Meanwhile, on the economic front, recent Chinese economic data has suggested the Chinese economy may be facing a slowdown as the European debt crisis has flared up once again and various Asian stock markets have plummeted. In an attempt to energize the Chinese economy, the PBOC announced that it would once again lower the reserve requirement ratio for domestic banks with the aim of boosting loan growth.

Industry News

China Lowers Reserve Requirement Ratio
On 12 May 2012, the People’s Bank of China (PBOC) announced that it would lower the reserve requirement ratio (RRR) by 50bps, effective from 18 May 2012. The PBOC last lowered the RRR in February 2012 and December 2011, by 50bps each time. The 50bps cut this time will drop the RRR for large financial institutions to 20% and for medium- and small-sized financial institutions to 16.5%. It is estimated that the cut will release ~Rmb400bn (US$63bn) of capital into the market.

Chinese Economic Data: CPI Easing, FDI Down, Trade Growth Slowing

  • China’s April CPI reading eased to 3.4% from 3.6% in March. The drop was driven mainly by lower food prices.
  • Foreign direct investment (FDI) inflows dropped to US$8.4bn in April 2012 (-0.7% YoY), marking the sixth straight month of negative growth. Over the first 4 months of 2012, FDI fell 2.4% to US$37.9bn. The biggest drop came from European investment, which was down 27.9% YoY for the first 4 months, amid the growing concerns tied to the Eurozone debt crisis.
  • China’s trade surplus widened to US$18.4bn in April from US$5.3bn in March. Notably, China’s exports slowed in April, growing by just 4.9% YoY, weaker than the 8.9% expansion in March.
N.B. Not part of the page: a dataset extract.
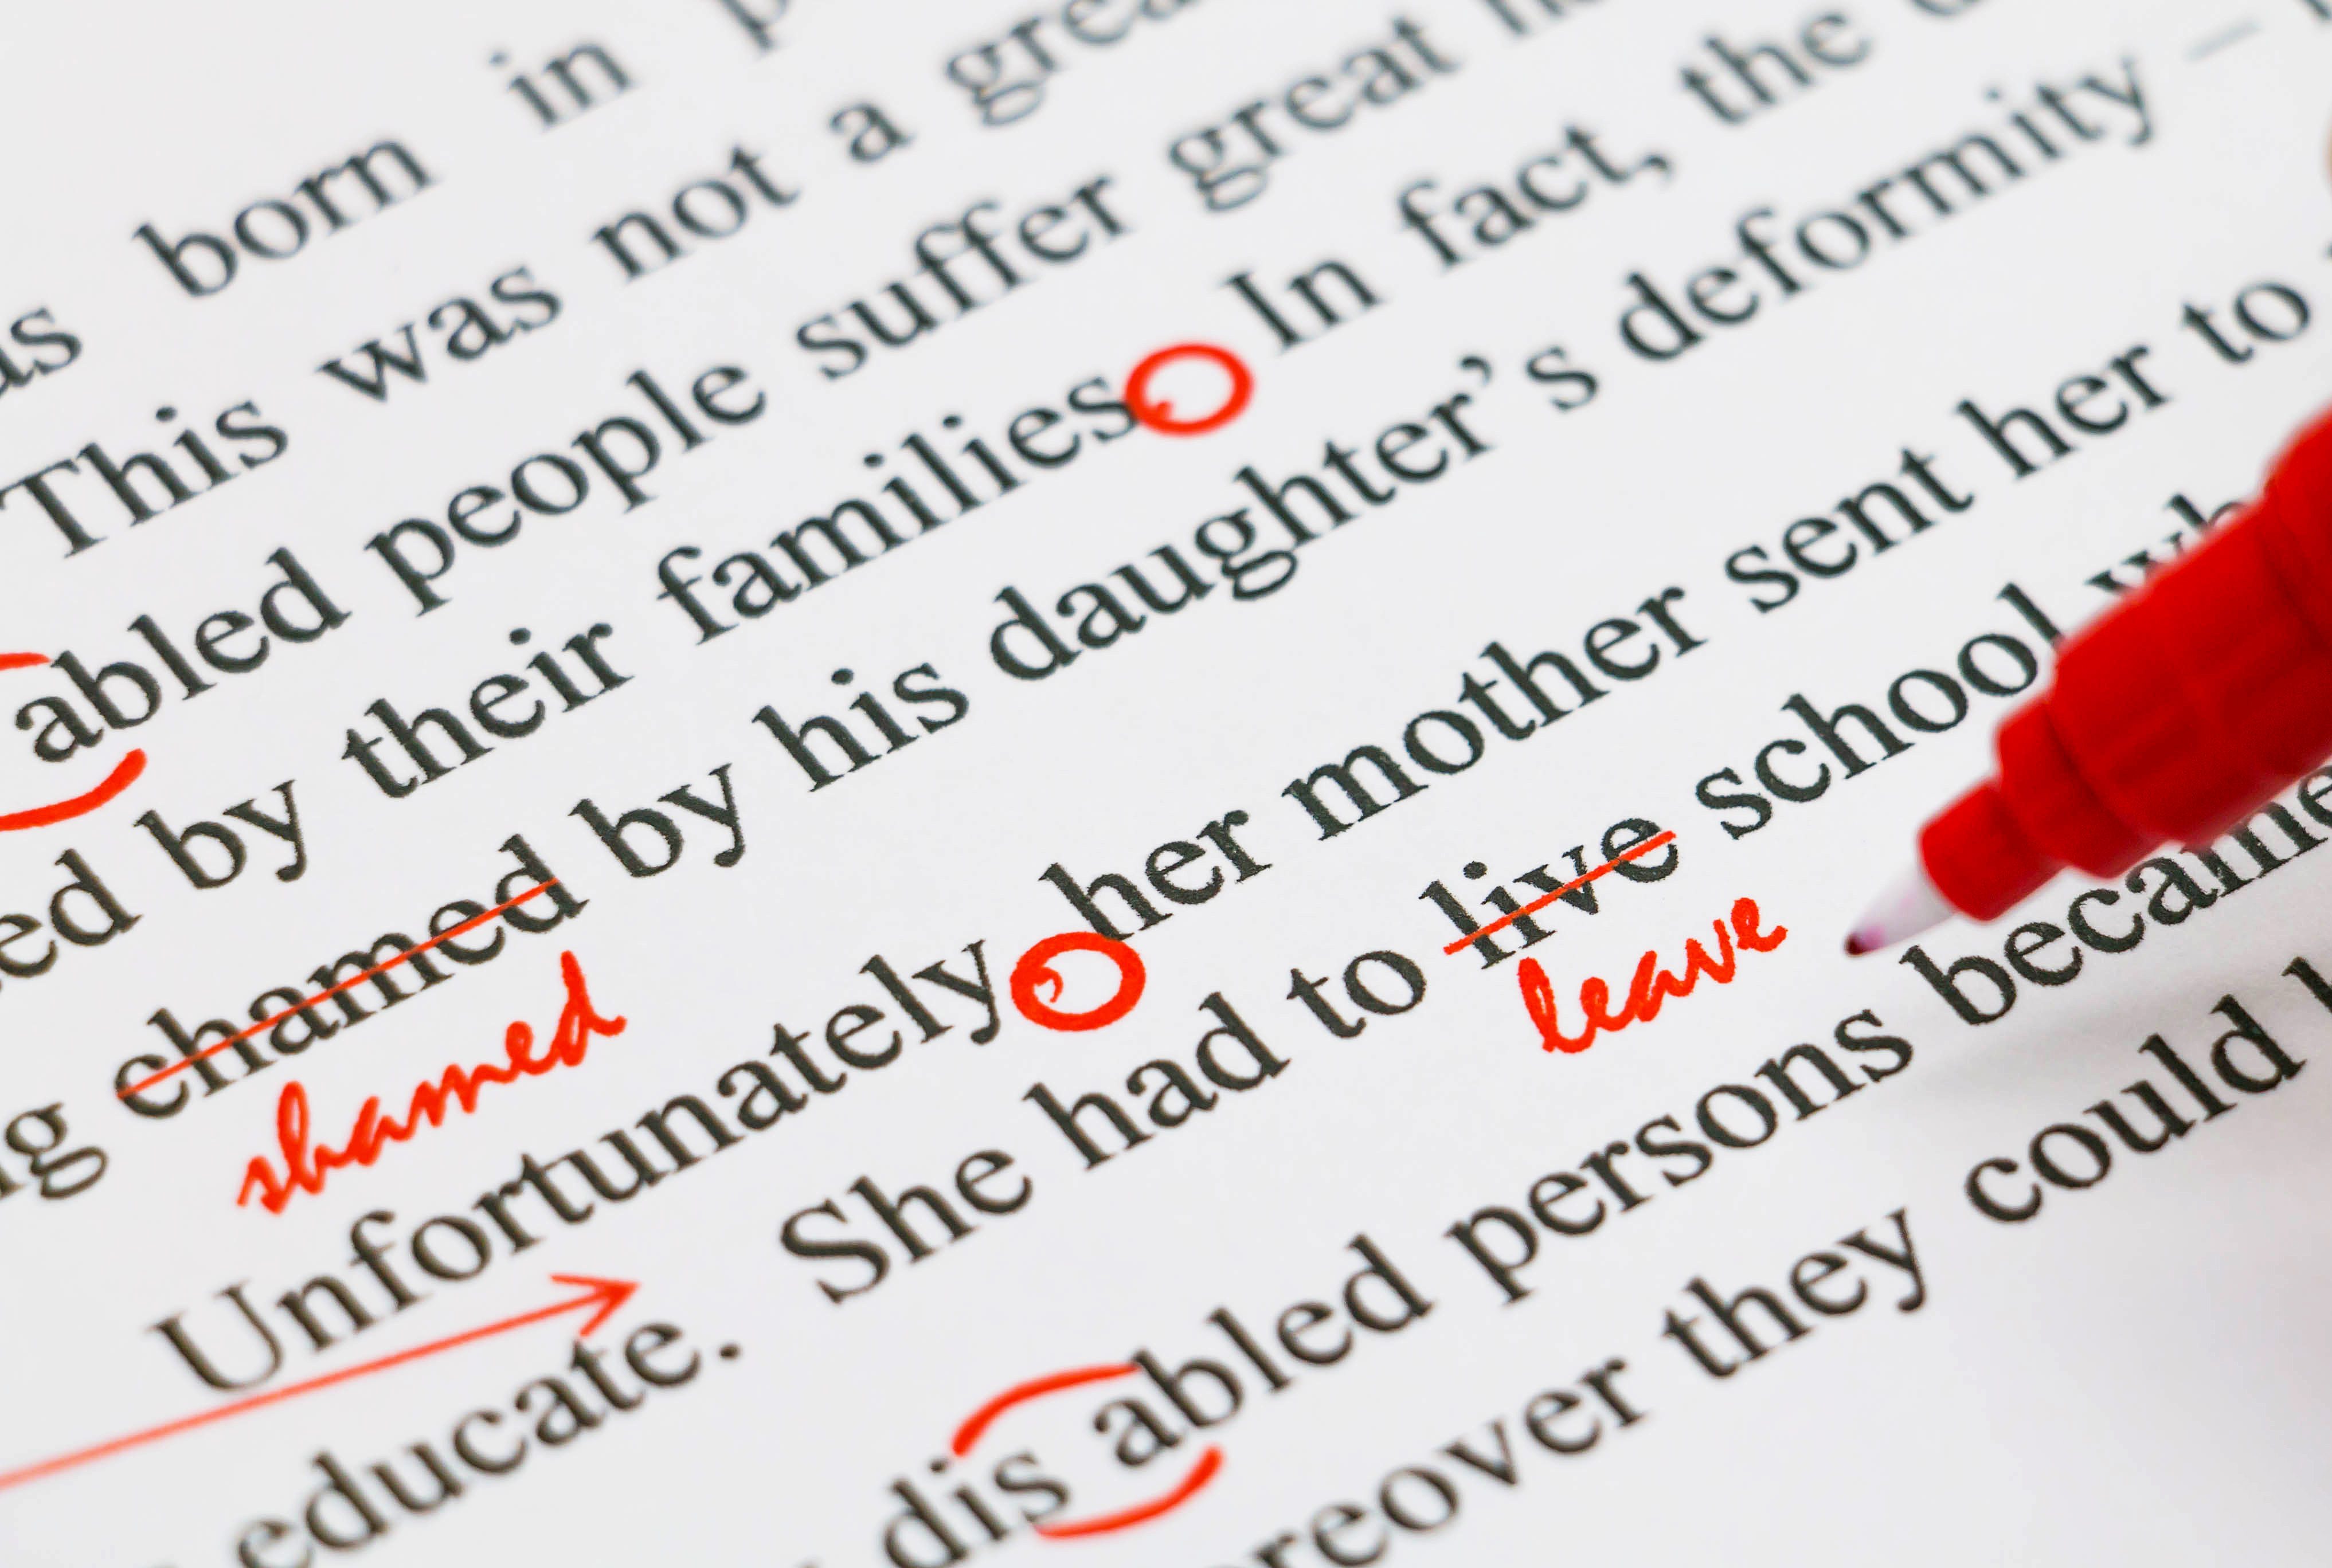 Free Online Proofreader: Grammar Check, Plagiarism Detection, and more

Hang Seng Index and Hang Seng China Enterprises Index Constituent Changes
According to an announcement from Hang Seng Indexes Company Limited, effective from 4 June 2012, Sands China (01928) has been added to the Hang Seng Index. As of 4 June 2012, Sands China had a weight of 1.08% within the Hang Seng Index (HSI). This increases the number of continents for the HSI from 48 to 49.

The Hang Seng China Enterprises Index (HSCEI) also made some changes to its constituents, with New China Life Insurance (01336) replacing China Railway Construction (01186), effective from 4 June 2012. New China Life Insurance had a weight of 0.82% within the index as of 4 June 2012 and the number of index constituents remains at 40.

These changes were made during the indices’ quarterly review.

MSCI China A Index Constituent Changes
According to MSCI, effective as of the market close on 31 May 2012, 15 constituents were added to and 38 constituents were deleted from the MSCI China A Index. The three largest additions to the MSCI China A Index were New China Life Insurance A (661336), Industrial Securities Co A (601377) and Yonghui Superstores Co A (601933).

Australia Cuts Rates by Another 25bps
On 5 June 2012, The Reserve Bank of Australia (RBA) announced a 25bps cut in the cash rate to 3.50%, effective 6 June 2012. The RBA last cut the cash rate by 50bps in May 2012. The RBA commented that given “modest domestic growth and a weaker and more uncertain international environment, the outlook for inflation afforded scope for a more accommodative stance of monetary policy”. There is an ETF tracking the Australia Overnight Money Market Total Return Index, namely the db X-trackers Australian Dollar Cash ETF (03026, listed in Hong Kong and Singapore).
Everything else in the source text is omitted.